To your point about whether the architectural/learning improvements are relevant to the broader ICLR reader:

  • First, please see our above points regarding neuroscience applications in ICLR; at a minimum, the neuro community at ICLR will appreciate this work.

  • Second, despite our focus on applications to behavior and computational neuroscience, our approach is novel at learning the inherent hierarchy among motion primitives using multi-level encoding with a relatively simple, computationally economic framework. This approach could be applicable to either type of sequential data. The state-of-the-art performance on motion synthesis relative to recent methods in human motion synthesis also suggest the benefits for deploying such discrete representations in generative tasks. These tasks are not limited to forecasting or generation of animal movements, but also establishing mappings with other behavioral modalities, such as vocal activities in rodents (languages/speech for animals).

  • The analysis could be more thorough; as it stands there is only one table of quantitative results, for motion synthesis, and the method is compared mostly to quite weak baselines (fully-connected MLP, GRU).

We appreciate and agree with the constructive feedback and have therefore added quantitative comparisons with Keypoint-MoSeq (please refer to the response to all reviewers). For the task of motion synthesis, we have included experiments with more recent and stronger baselines, for instance MotionDiffuse (Zhang et al. 2022), as well as internal comparisons on our proposed method with different codebook sizes and temporal granularities. We hope that your concerns have been addressed in this revision. We would also like to reiterate that motion synthesis is not the primary focus of this paper, but applications tangential to the analysis of animal behaviors.

评论
  • (overlapping with the weakness) There is quite a lot of work on learning movement primitives (eg. Paraschos et al, 2013), or behavioural decomposition via latent variable models in embodied and robotics domains …

Thank you for suggesting these relevant references. We agree that these methods are motivating, particularly Merel et al. (2019b) that describes behavioral representations of an artificial rodent model by applying classic analysis methods in neuroscience and Rao et al. 2022 that does offline learning of hierarchical, discrete motor skills. While we acknowledge that our knowledge in RL-oriented skill learning may be limited and biased, the choice of discrete representations versus encoding motion sequences into continuous latent dynamics is better aligned with the longstanding goal of constructing formal taxonomical structures for better describing and understanding animal behaviors (similar ideas also explored in a more RL-oriented setting such as Paulius et al. 2020). The coding scheme we have deployed would better support real-world investigations into behavioral patterns and perturbations, as well as causal relationships across behaviors of different individuals in an information theoretic sense (Ferrer‐i‐Cancho R et al. 2013). Moreover, our studies on naturalistic behaviors in animals are largely disjoint from the goal-directed manipulation of body movements in most RL optimization settings and many findings in related RL literature may not be readily applicable to behavioral analyses. While it would be valuable to offer a comprehensive review of behavioral understanding and analysis in both real organisms and embodied agents, elaborating on this is likely beyond the scope of this paper and deviates from our major focus.
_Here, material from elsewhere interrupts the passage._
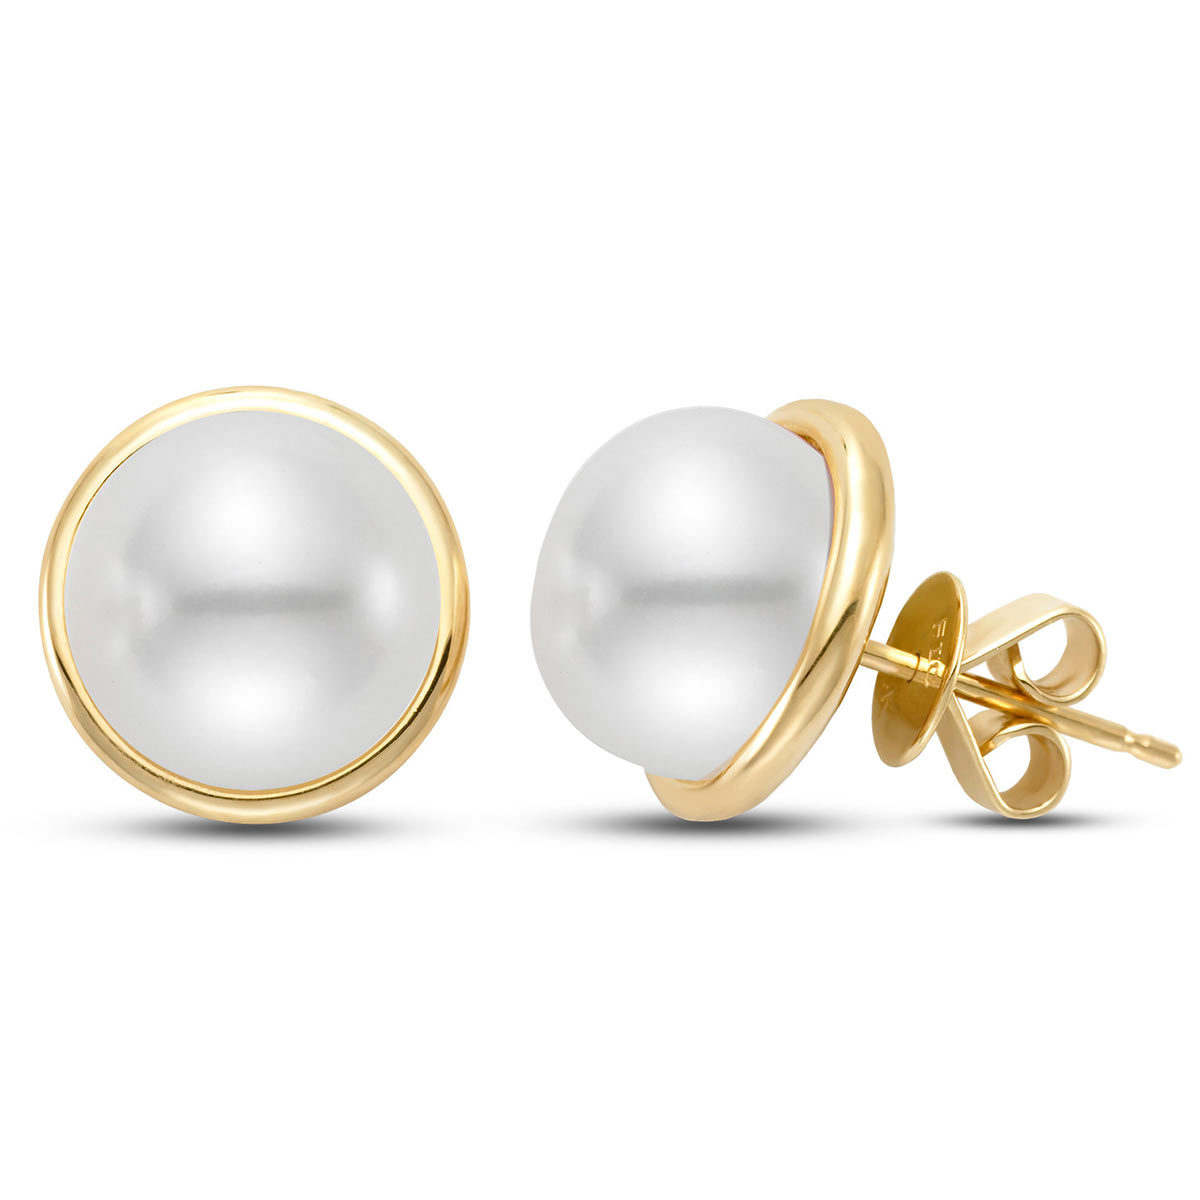 9-10mm Cultured Freshwater White Pearl Stud Earrings, 18ct Yellow Gold

  • Related to these points, it’s not clear why specific architectural choices were made. For example, encoding entire trajectories into a single latent code scales poorly with dimensionality of the inputs and length of the sequence, and many of the approaches from my previous comment use sequential latent variable models to better model embodied temporal data.

We appreciate the feedback and apologize if there is any miscommunication with respect to how the proposed model encodes trajectories. The latent variables are still sequential, while a long trajectory is encoded as a long sequence of latent codes. We updated Figure 1 to make this more clear. Due to the downsampling that occurs from input sequences to latent code, each latent code captures approximately 320ms of the trajectory (out of ~30 minute recordings).

  • Broken citation reference in the first paragraph

Thank you for catching this and we have fixed it.

  • Having the related work as a final section reads a bit awkwardly to me, as it feels like an afterthought. Consider moving it to at least before the final discussion / conclusions, and ideally before the method itself to provide some scaffolding and context for the contributions and claims.

We agree that it would be helpful to rearrange the Related Work section and thus provide more of an orientation with respect to the motivations and contributions. Please refer to the updated manuscript for changes that have been made.

References:

  • Li et al. (2022). Decompose to Generalize: Species-Generalized Animal Pose Estimation.
  • Eyjolfsdottir et al. (2016). Learning Recurrent Representations for Hierarchical Behavior Modeling.
  • Molano-Mazon M et al. (2018). Synthesizing realistic neural population activity patterns using Generative Adversarial Networks.
  • Batty et al. (2019). BehaveNet: nonlinear embedding and Bayesian neural decoding of behavioral videos.
  • Costacurta et al. (2022). Distinguishing discrete and continuous behavioral variability using warped autoregressive HMMs.
  • Shi et al. (2021). Learning disentangled behavior embeddings.
  • Sun JJ et al. (2023). MABe22: A Multi-Species Multi-Task Benchmark for Learned Representations of Behavior.
  • Paulius et al. (2020). A motion taxonomy for manipulation embedding.
  • Ferrer‐i‐Cancho R et al. (2013). Compression as a universal principle of animal behavior.
审稿意见
5

The authors propose an end-to-end unsupervised behavioral mapping approach that identifies hierarchically organized discrete behavioral motifs from pose time-series data. This is done using a variational encoder to map postural dynamics to a finite-sized discrete embedding with vector quantization.

优点

Well written and technical details are clear. The evaluations are clear. The motivations are mostly clear and the applications are well explained.

缺点

Missing/failed citation in first paragraph

How is the quantization "codebook" initialized and updated? This is not clear to me.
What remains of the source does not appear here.